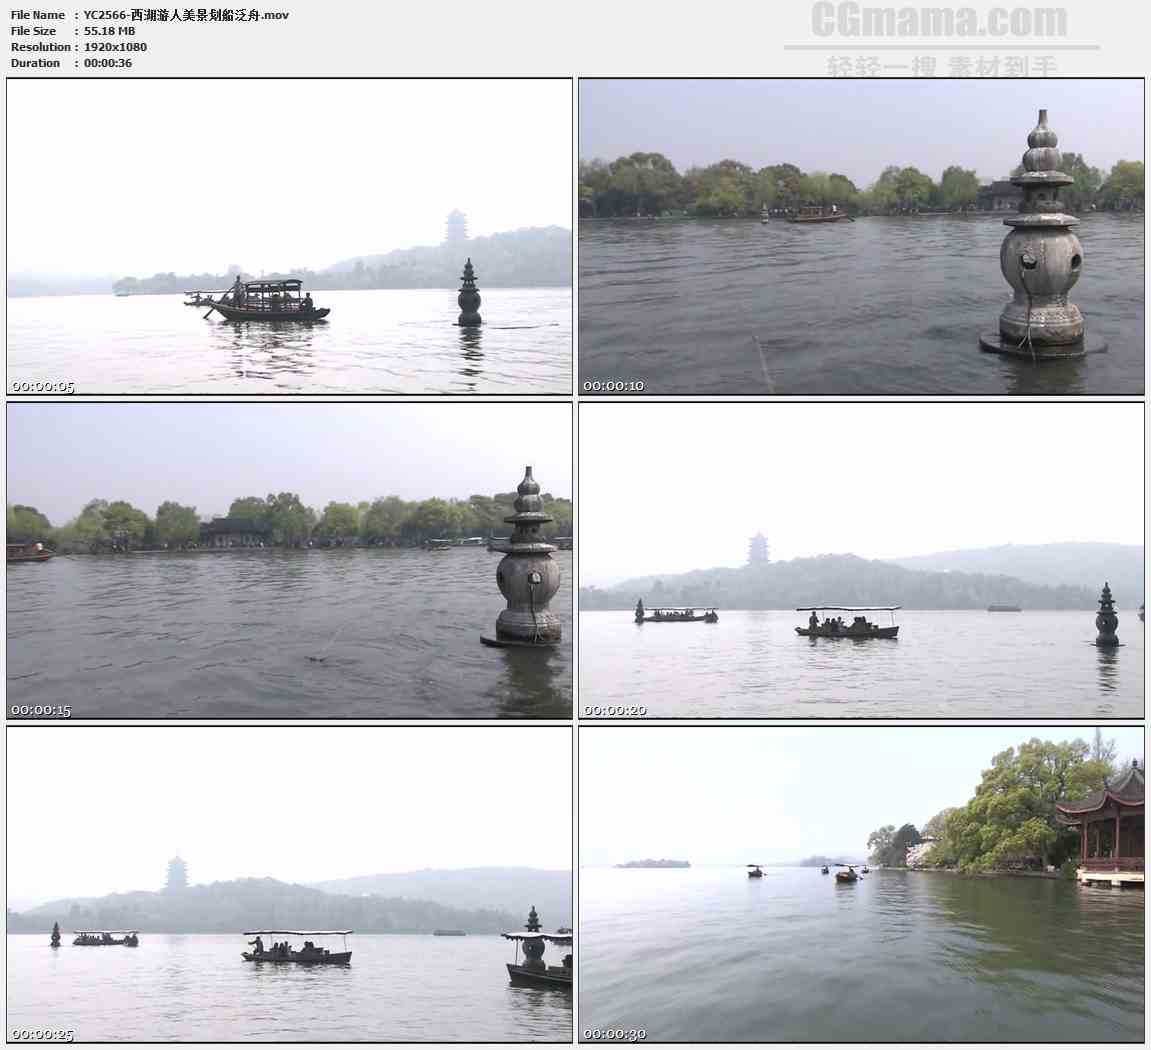 YC2566-西湖游人美景划船泛舟高清实拍视频素材
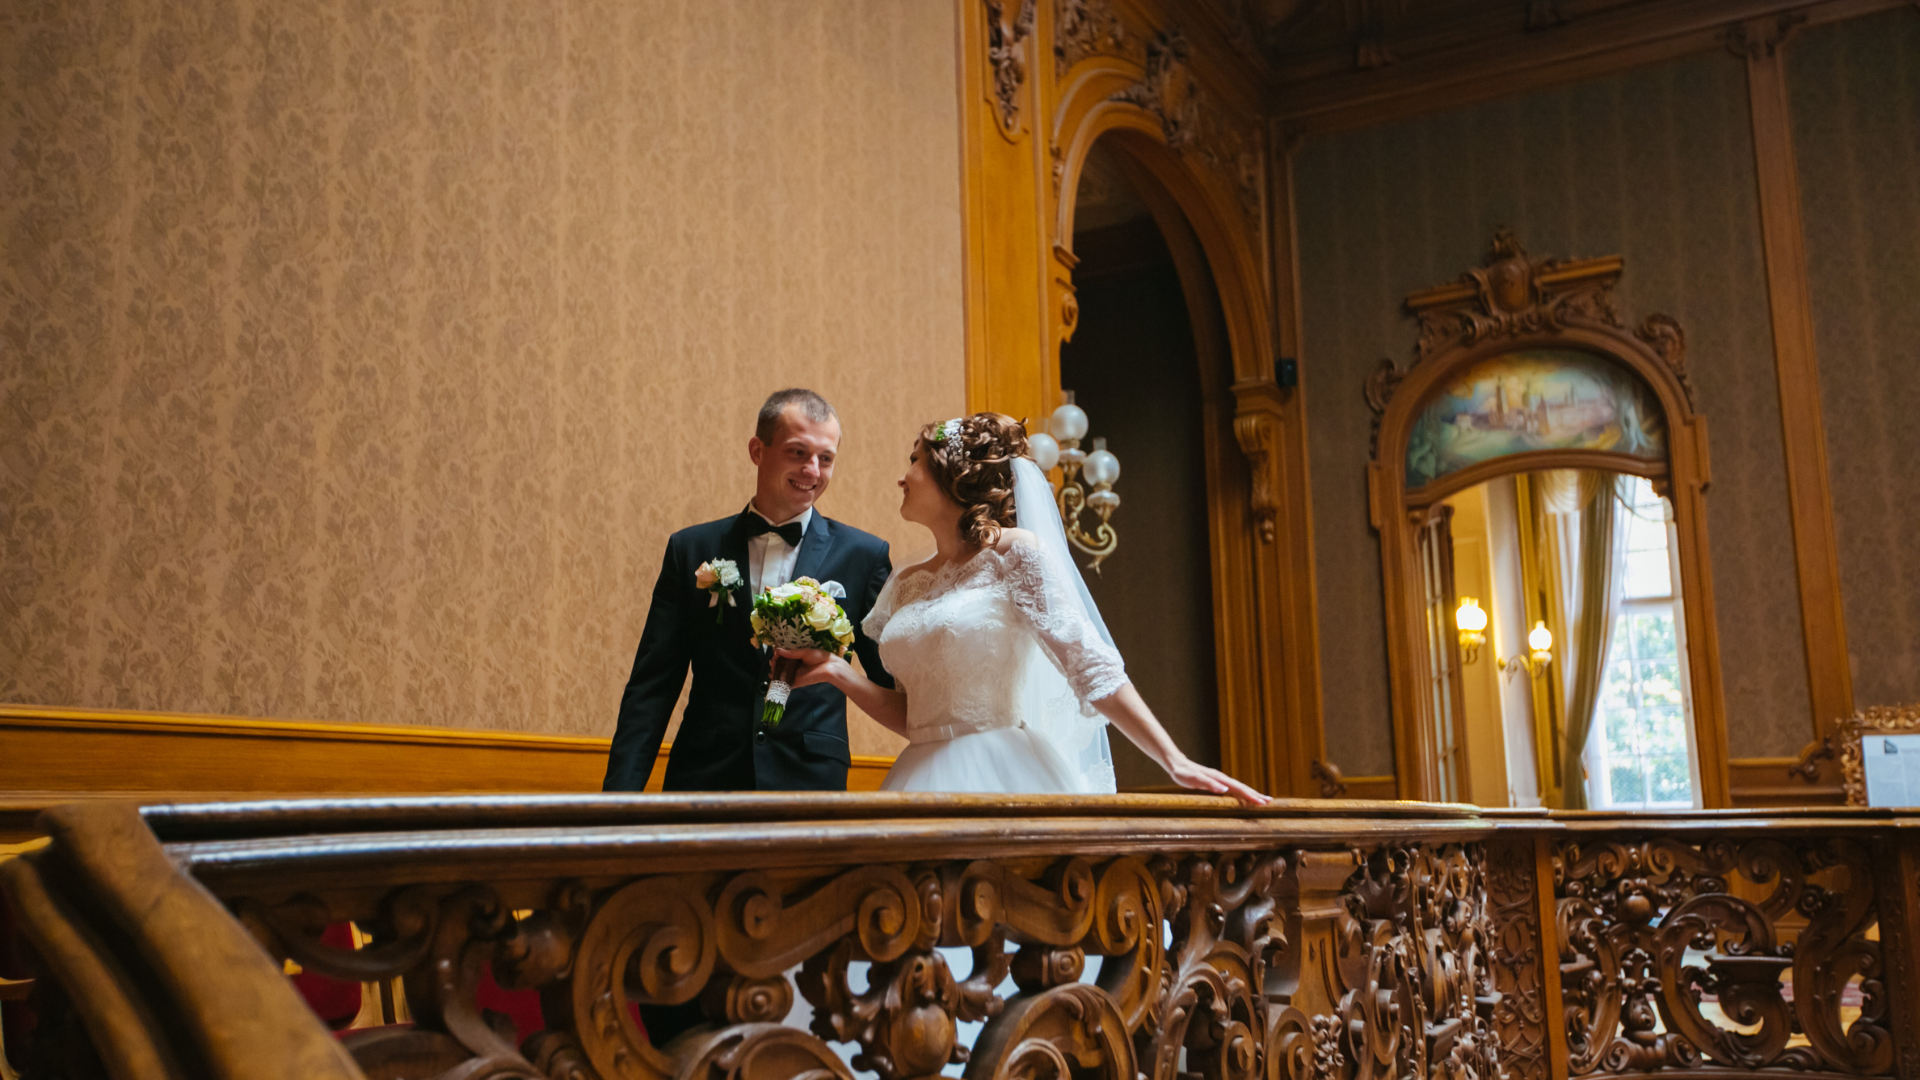 Váš vysněný svatební den se může stát skutečností. Svatba na zámku je zkrátka nezapomenutelným zážitkem. Rezervujte si sídlo pro svatbu na bridee.online.
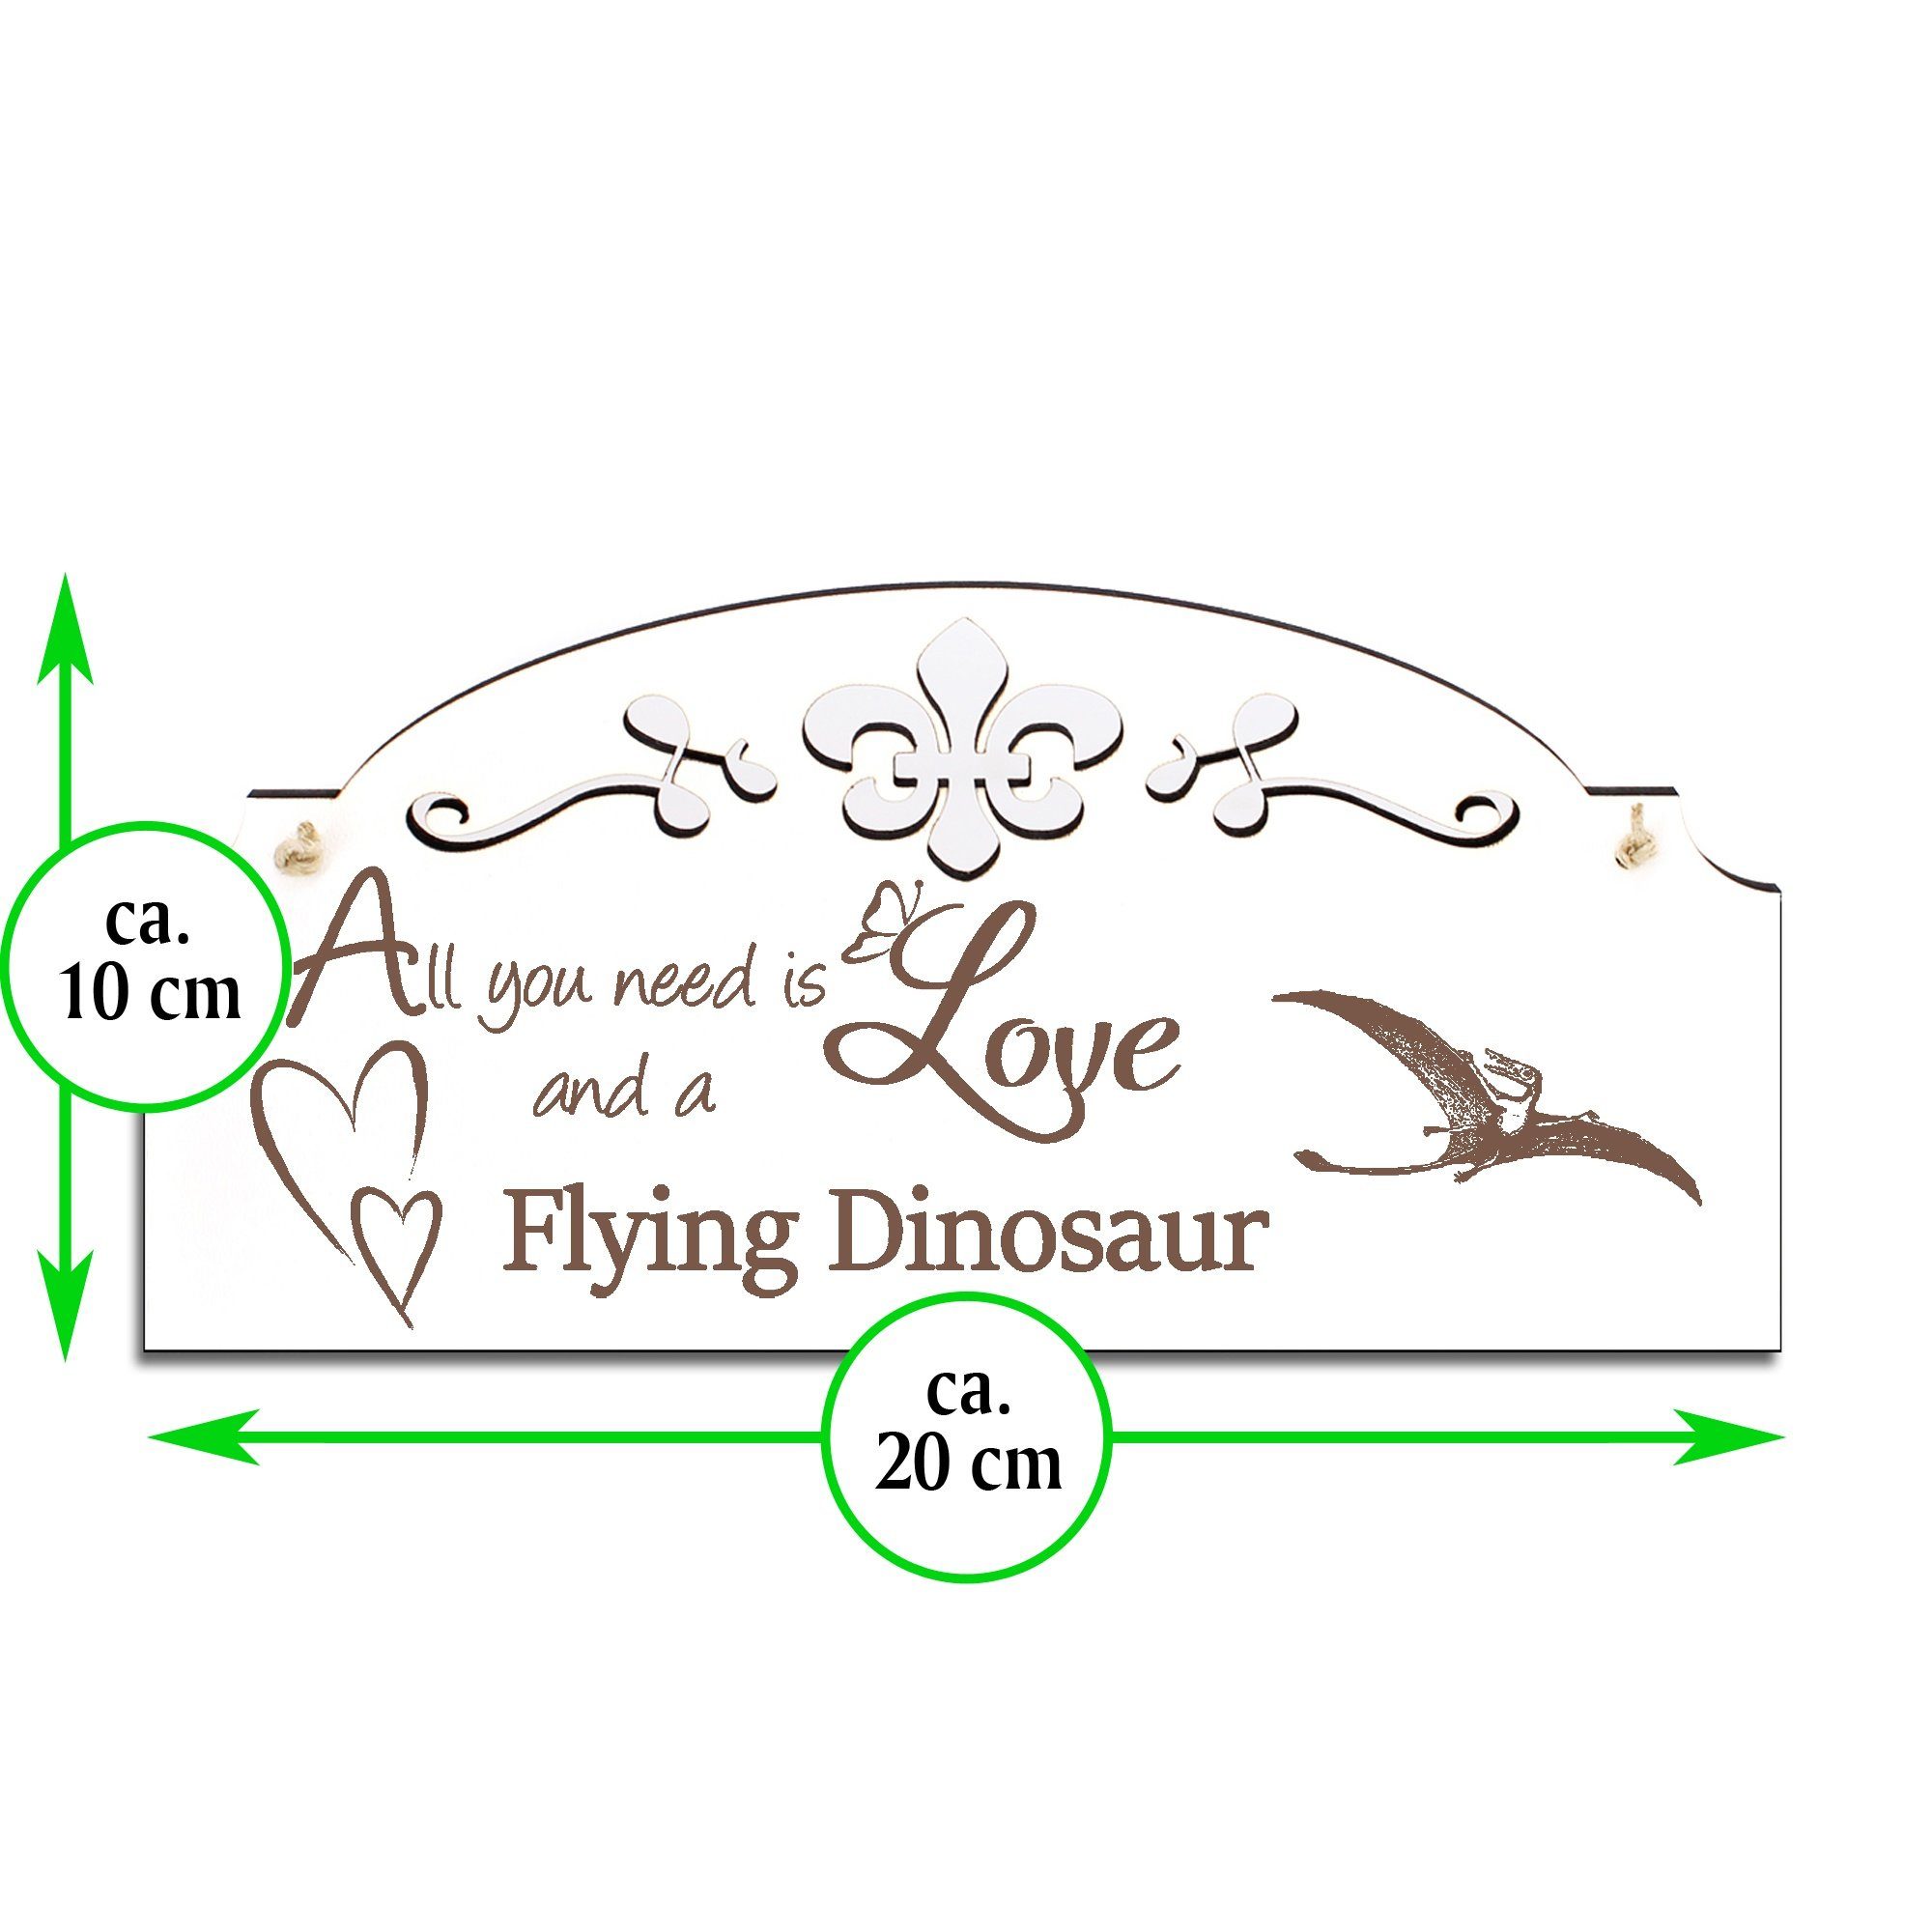 All Dinosaurier Flugsaurier need Dekolando you Deko 20x10cm Hängedekoration Love is

________________________________________

A verbatim rendering of the listing above is required, without any of its pictures.

 YC2566-西湖游人美景划船泛舟高清实拍视频素材
 Váš vysněný svatební den se může stát skutečností. Svatba na zámku je zkrátka nezapomenutelným zážitkem. Rezervujte si sídlo pro svatbu na bridee.online.
 All Dinosaurier Flugsaurier need Dekolando you Deko 20x10cm Hängedekoration Love is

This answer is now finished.